La puce AWS Trainium2 offre des performances jusqu’à quatre fois supérieures à celles du Trainium de première génération. Les instances Amazon EC2 Trn2 basées sur Trainium2 sont spécialement conçues pour l’IA générative. Elles sont les instances EC2 les plus puissantes pour l’entraînement et le déploiement de modèles avec des centaines de milliards à plus de billions de paramètres. Les instances Trn2 offrent un rapport qualité/prix supérieur de 30 à 40 % à celui de la génération actuelle d’instances EC2 P5e et P5en basées sur GPU. Les instances Trn2 disposent de 16 puces Trainium2 interconnectées avec NeuronLink, le réseau d’interconnexion entre puces que nous avons développé. Vous pouvez utiliser les instances Trn2 pour entraîner et déployer les modèles les plus exigeants, notamment les grands modèles de langage (LLM), les modèles multimodaux et les transformeurs de diffusion, afin de créer un large éventail d’applications d’IA génératives de nouvelle génération. Les serveurs Trn2 UltraServers, une toute nouvelle offre EC2 (disponible en avant-première), sont idéaux pour les plus grands modèles qui nécessitent plus de mémoire et de bande passante que les instances EC2 autonomes ne peuvent fournir.
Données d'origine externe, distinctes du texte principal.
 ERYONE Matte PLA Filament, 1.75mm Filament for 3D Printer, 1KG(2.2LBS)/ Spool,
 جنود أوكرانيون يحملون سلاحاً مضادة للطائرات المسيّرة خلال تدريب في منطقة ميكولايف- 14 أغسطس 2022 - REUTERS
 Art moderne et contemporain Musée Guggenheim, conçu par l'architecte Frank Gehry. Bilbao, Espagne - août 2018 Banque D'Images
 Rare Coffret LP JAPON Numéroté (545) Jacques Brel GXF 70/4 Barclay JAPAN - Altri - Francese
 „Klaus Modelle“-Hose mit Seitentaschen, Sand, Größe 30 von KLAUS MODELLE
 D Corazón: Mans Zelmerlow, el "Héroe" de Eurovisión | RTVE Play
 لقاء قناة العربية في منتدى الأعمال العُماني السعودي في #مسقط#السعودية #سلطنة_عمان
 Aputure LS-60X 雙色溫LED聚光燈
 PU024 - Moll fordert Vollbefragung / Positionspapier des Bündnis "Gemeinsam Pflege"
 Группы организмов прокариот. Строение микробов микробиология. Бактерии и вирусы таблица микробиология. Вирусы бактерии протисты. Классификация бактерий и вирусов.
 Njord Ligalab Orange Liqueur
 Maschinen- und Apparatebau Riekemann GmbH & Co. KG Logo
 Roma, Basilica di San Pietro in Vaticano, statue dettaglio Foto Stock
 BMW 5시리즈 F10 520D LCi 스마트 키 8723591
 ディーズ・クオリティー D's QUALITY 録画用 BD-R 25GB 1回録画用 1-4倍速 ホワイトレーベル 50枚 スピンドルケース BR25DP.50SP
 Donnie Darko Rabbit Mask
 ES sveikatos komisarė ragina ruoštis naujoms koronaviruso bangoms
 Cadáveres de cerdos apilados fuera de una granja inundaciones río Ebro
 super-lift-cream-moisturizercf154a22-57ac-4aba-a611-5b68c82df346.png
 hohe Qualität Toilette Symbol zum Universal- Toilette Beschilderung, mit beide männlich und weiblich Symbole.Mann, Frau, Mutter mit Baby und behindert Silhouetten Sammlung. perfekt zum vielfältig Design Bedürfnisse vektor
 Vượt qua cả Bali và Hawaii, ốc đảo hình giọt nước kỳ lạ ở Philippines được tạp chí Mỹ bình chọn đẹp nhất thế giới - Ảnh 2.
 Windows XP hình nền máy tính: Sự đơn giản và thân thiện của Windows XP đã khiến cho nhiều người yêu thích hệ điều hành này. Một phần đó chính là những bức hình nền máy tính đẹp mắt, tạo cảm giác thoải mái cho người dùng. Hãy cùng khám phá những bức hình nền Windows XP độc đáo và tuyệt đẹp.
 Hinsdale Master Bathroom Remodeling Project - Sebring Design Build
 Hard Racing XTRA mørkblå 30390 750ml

La conception de l’UltraServer utilise NeuronLink pour connecter 64 puces Trainium2 sur quatre instances Trn2 en un seul nœud, ouvrant ainsi de nouvelles fonctionnalités. À titre d’inférence, les UltraServers contribuent à fournir un temps de réponse de pointe afin de créer les meilleures expériences en temps réel. En matière d’entraînement, les UltraServers augmentent la vitesse et l’efficacité de l’entraînement des modèles grâce à une communication collective plus rapide pour le parallélisme des modèles, par rapport aux instances autonomes.
Vous pouvez commencer à former et à déployer des modèles sur les instances Trn2 et Trn1 grâce à la prise en charge native des cadres de machine learning (ML) populaires tels que PyTorch et JAX.